I have fought a good fight, I have finished my course, I have kept the faith:”

2 Timothy 4:7 (KJV)

By Ralphine Major

My cell phone rang.  The caller was letting me know that he would not be able to attend our reunion.  As a former teacher and coach at Gibbs High School, Ken Sparks was invited to our 40th class reunion in April 2012.  As busy as he was, the college coach was kind enough to send his regrets.  For anyone who knew Sparks, that was not surprising.
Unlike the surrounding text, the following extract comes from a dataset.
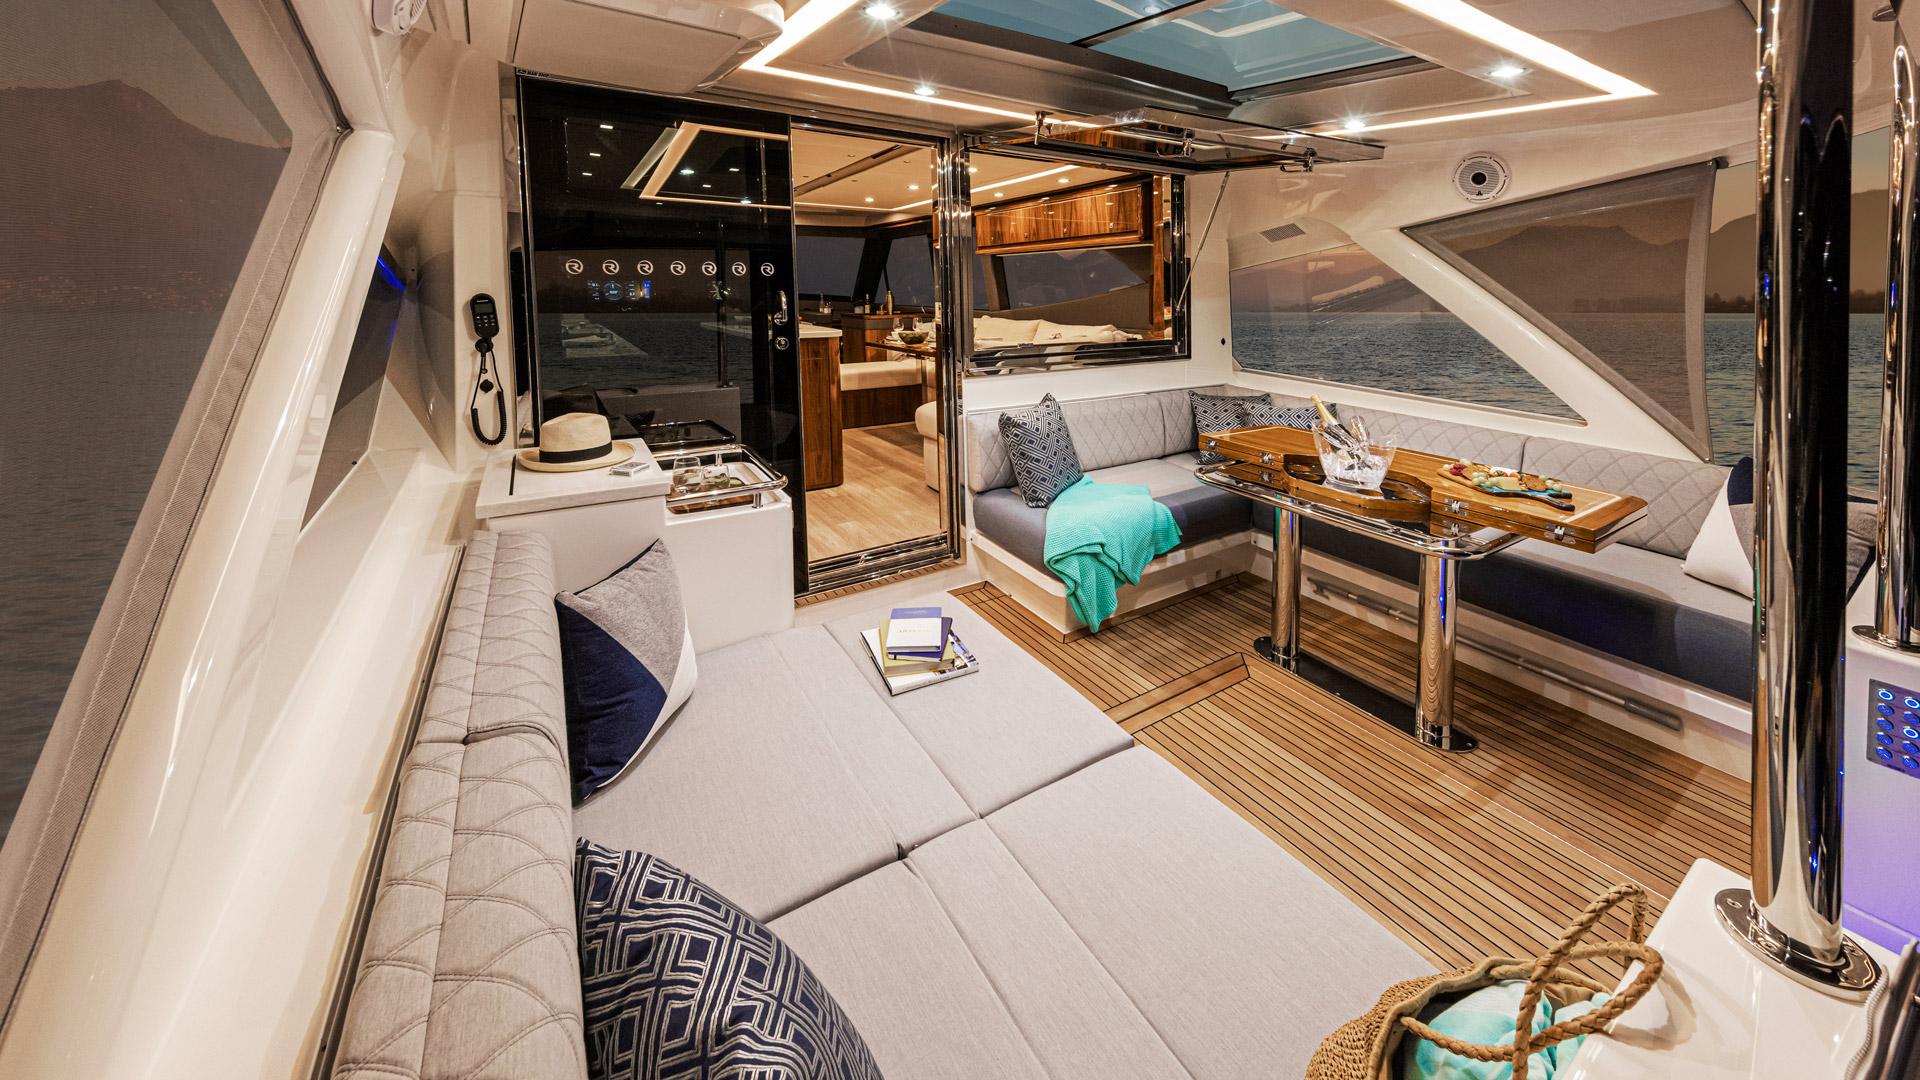 alfresco dining area onboard the Riviera 645 SUV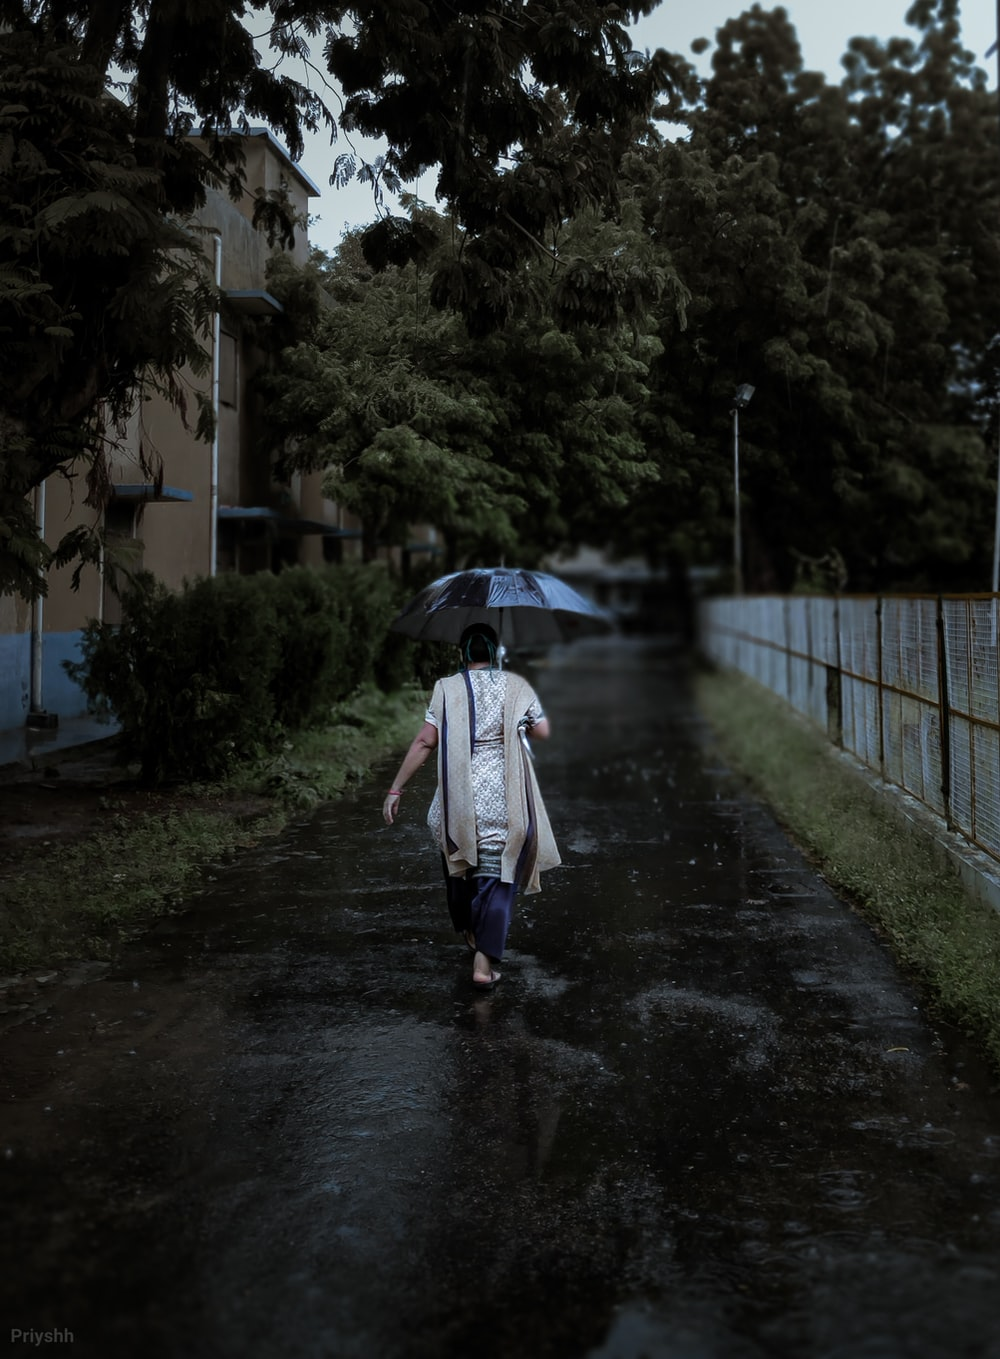 woman in white coat walking on pathway

Ken Sparks passed away March 29, 2017, after a long and valiant battle with cancer.  My class was starting high school the year Sparks began his coaching career at Gibbs.  (Ken Sparks, More Than a Coach, Focus 4-9-12, 9-17-12).  The late Bob Dagley hired young Sparks to coach football.  Gibbs had been without a football program for many years.  The Carson-Newman graduate’s job was to bring football back to Gibbs.  Even then, he was an outstanding role model for student athletes.  He did not allow bad language from his players, most of whom were bigger than him.  Much has been written and reported about Coach Spark’s winning record and championships, but I remember him for something else.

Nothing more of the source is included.